もしかすると助けてもらった恩?それとも一緒にいるうちに情が移ったとか?
コナンは首をかしげた。
感情に流されないはずの灰原が今回は感情の上で行動を起こしている。
なにか理由があるのか?

「佐久間さんは・・・そんな人じゃないもの・・・。」
唇をかみしめ灰原は小さくつぶやいた。聞き落としそうなほど小さな声で。
「それなら―――――」
ゆっくりと話し出したコナンに灰原は目をあげた。

「それならさ、信じてやればいいじゃないか。

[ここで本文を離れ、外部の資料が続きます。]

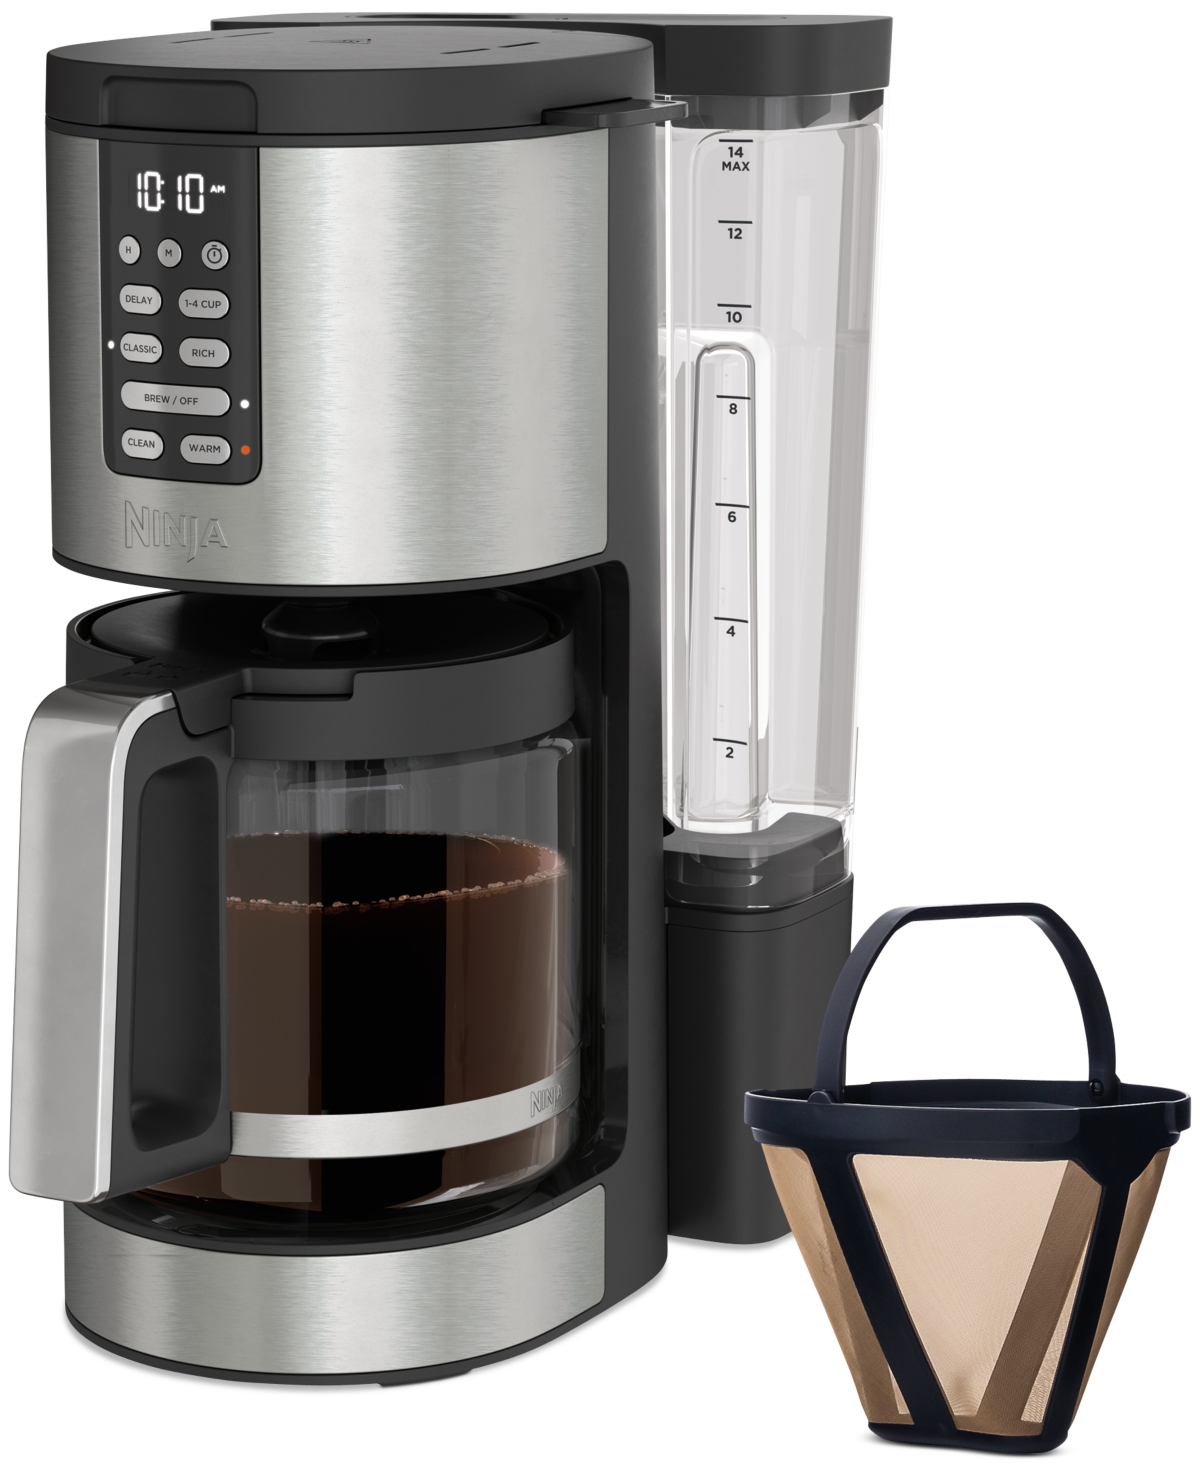 Ninja Dcm201 Programmable Xl 14-cup Coffee Maker Pro In Metallic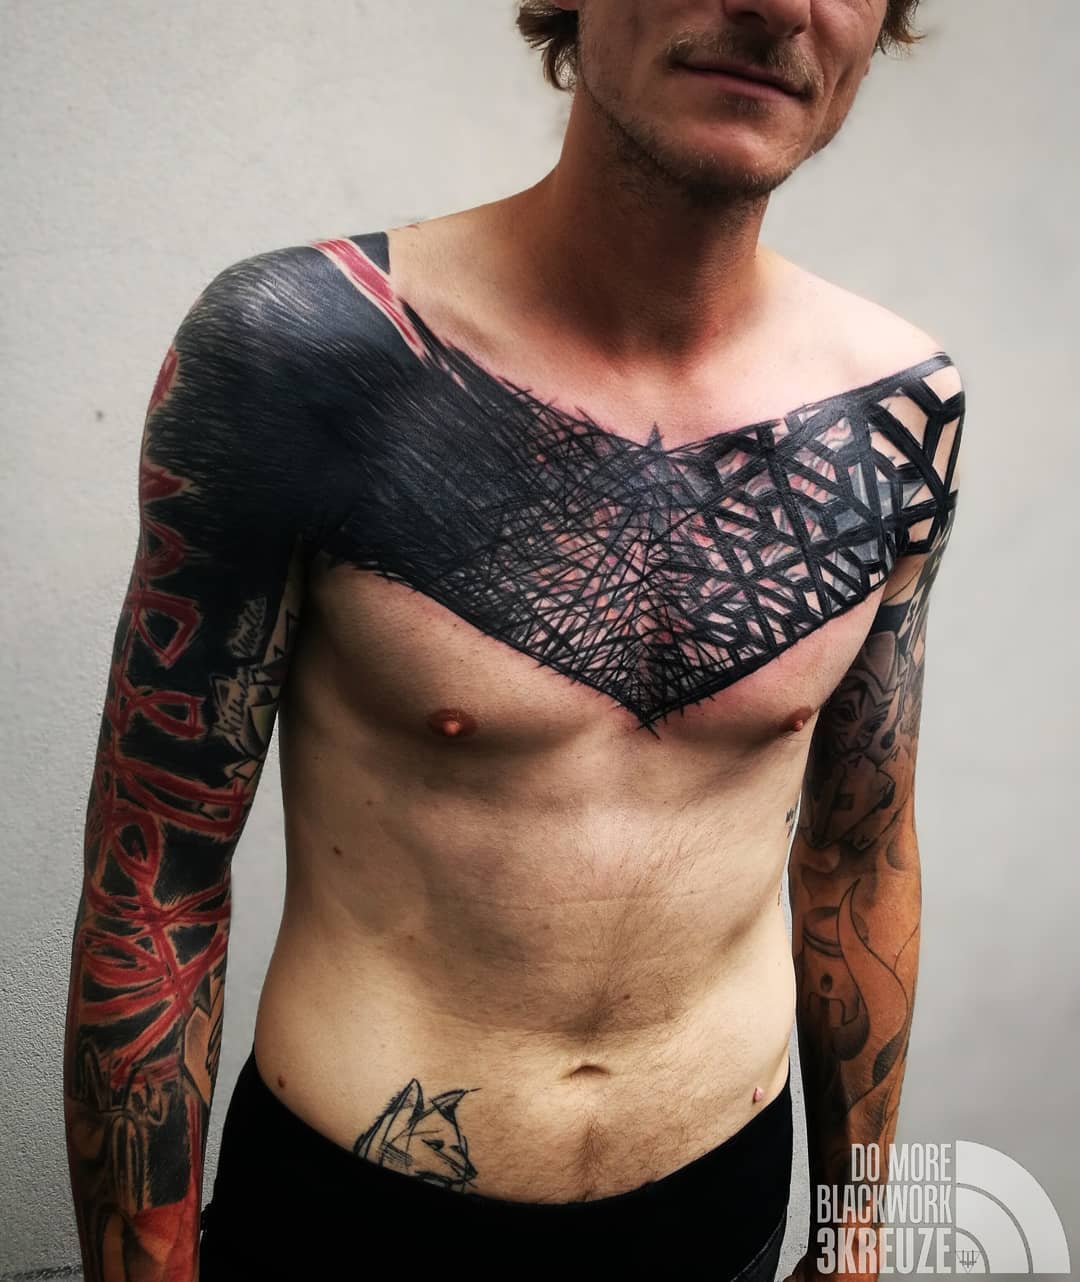 3KREUZE's brutal heavy abstract blackwork tattoo | iNKPPL

お前だけでも。お前が味方なら佐久間さんは凄い心強いと思うぜ。」
コナンは灰原の背中をバンバンと叩くと佐久間の方へと押し出した。
「全ての謎を解明するのが俺の仕事だ。でもお前の仕事じゃない。お前はただ、したい事をすればいいんだ。」
「したいこと・・・。」
思ってもいないことを言われたのか灰原は呆然とコナンの言葉を繰り返した。
「ああ。信じたいなら信じて・・そして、その人の無実を証明できるように自分が見つければいいだろ?真実を。」

人差し指を灰原につきつけにっと笑ってやるとようやく灰原は身体のこわばりをといた。
「そうね・・・私が誰よりも早く見つければいいのよねその真実を。でももし佐久間さんが犯人だったらもみ消してしまうかもしれないわよ。その真実ってものを。」
いつもの灰原の笑みで楽しげに言った。コナンはホッとすると同時に負けん気がむくむくとわき上がってきた。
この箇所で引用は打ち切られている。